We imagine a setting that will enhance the colour, patina, shape and symbolism, so as to create a piece of jewellery that, although sensitive to historical narrative and context, in its style is unmistakably modern.

Tanit Himera cuff 01

The Himera cuff features a 15 mm extremely fine (xf) bronze coin from the city of Himera in Sicily, minted around 420-408 BC, with an attractive brown patina. It is set in rose gold set in 18 karat rose gold opposite a lush pavé setting of 40 grey sapphires and black rhodium. This cuff is flexible and comfortable and the coin’s style and condition with an attractive dark patina, are considered extremely fine.

The beautiful nimph Himera, represented here,  is wearing a sphendone, a pendant earring and a double necklace. The six pellets shown on the obverse and reverse sides of the coin indicate its value. The reverse also depicts a laurel wreath symbolising victory.

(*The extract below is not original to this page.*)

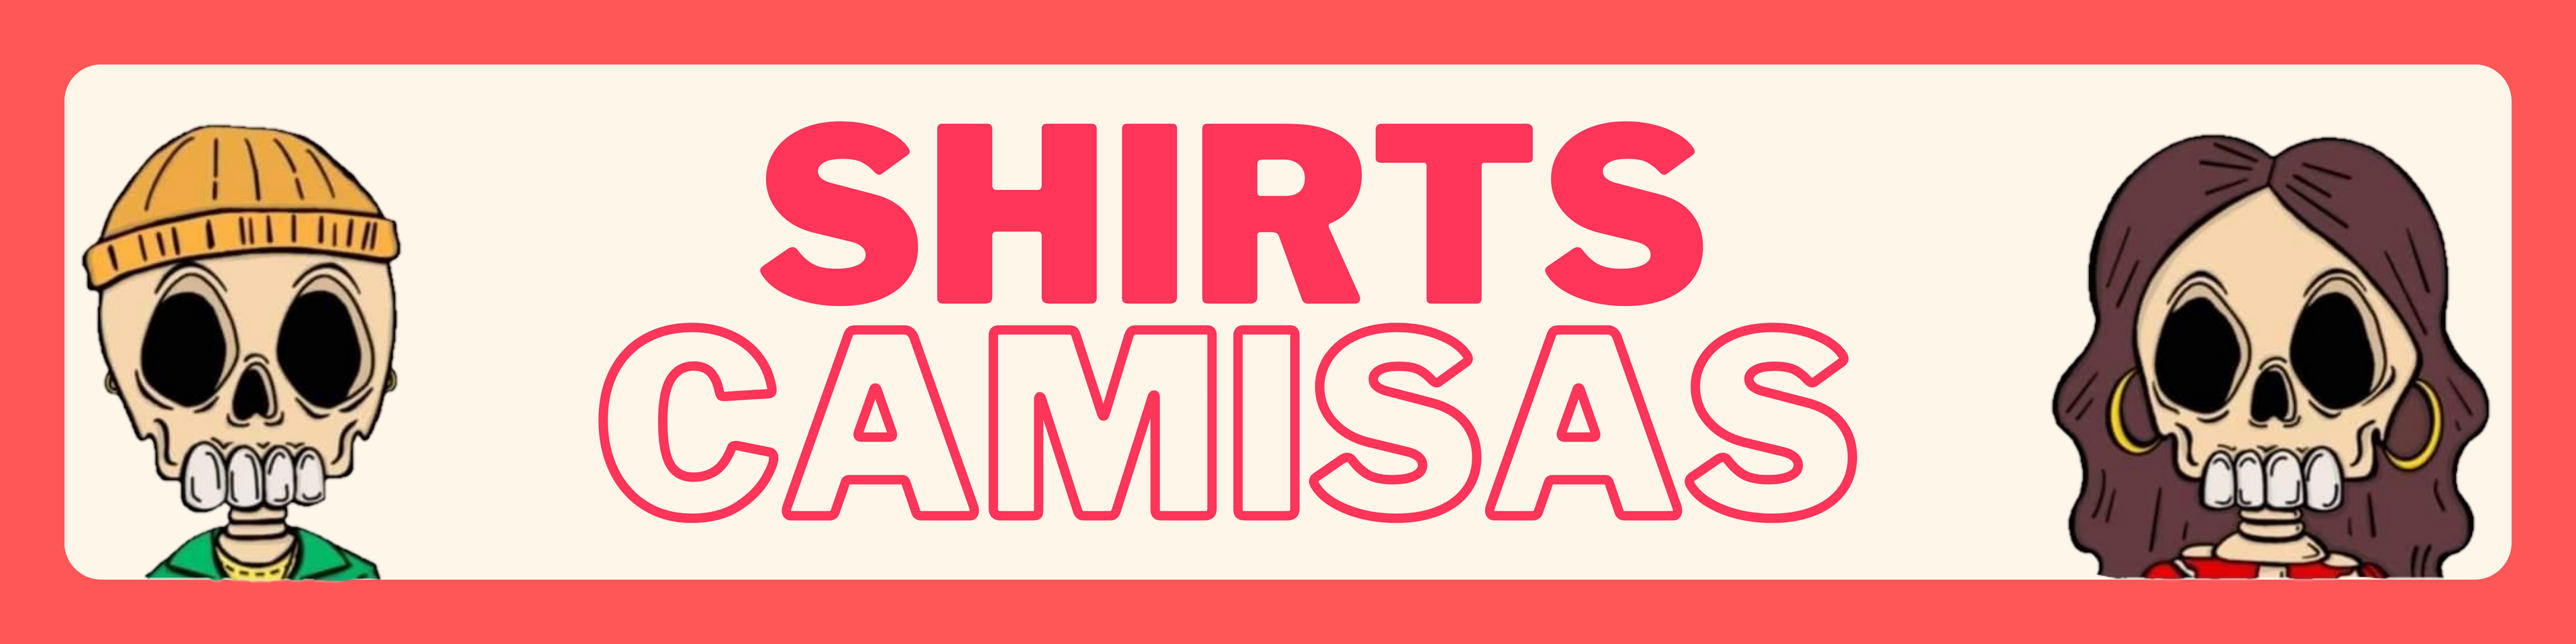 Shirts / Camisas
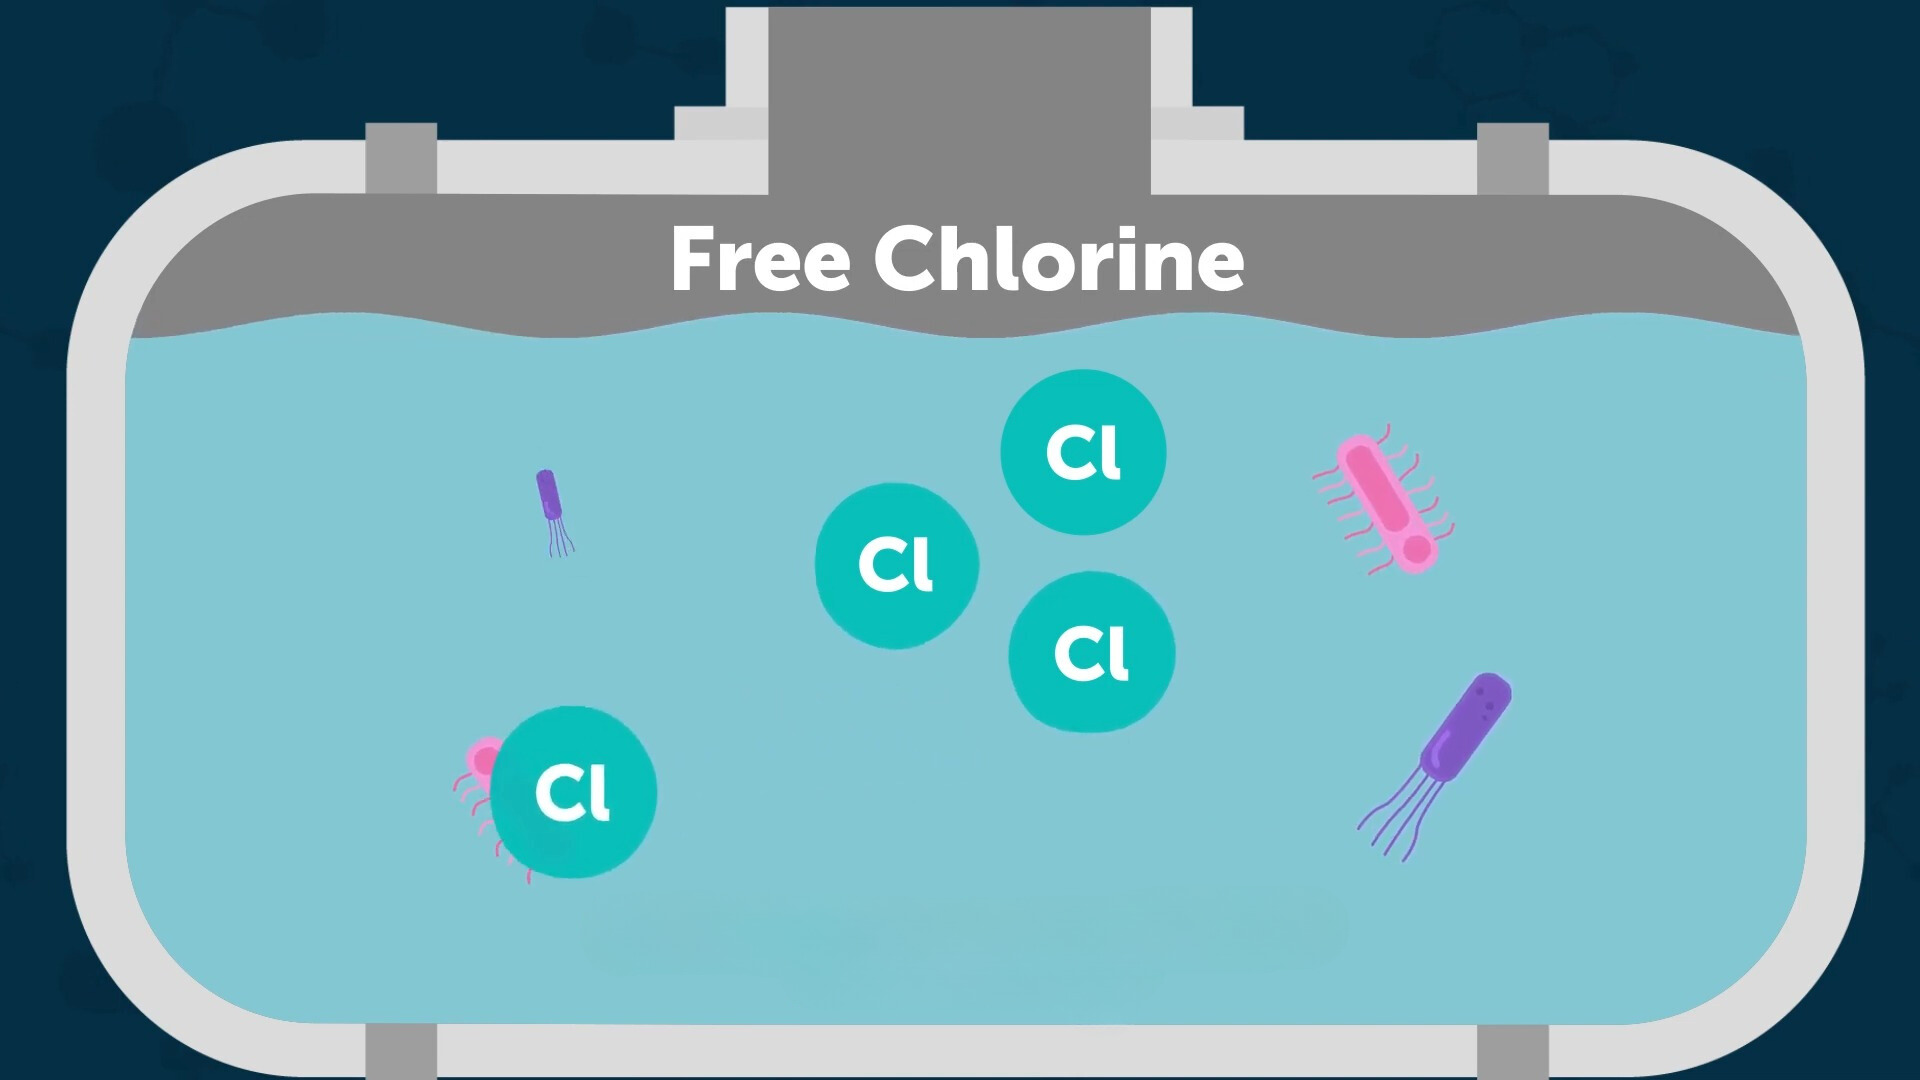 Free Chlorine - Contaminants

The nymph Himera was associated with Himera, a large and important ancient Greek city situated on the north coast of Sicily at the mouth of the river with the same name.  Nymphs who inhabited rivers, streams, lakes, marshes, fountains and springs of the earth were called Naiads. They were considered immortal, minor divinities who were invited to attend the assemblies of the gods on Mount Olympus, In Greek mythology, nymphs were considered personifications of creativity and nature, and were depicted as beautiful maidens.

These artefacts span thousands of years. We become their custodians, their curators, not to possess but to preserve and pass on to the next generations.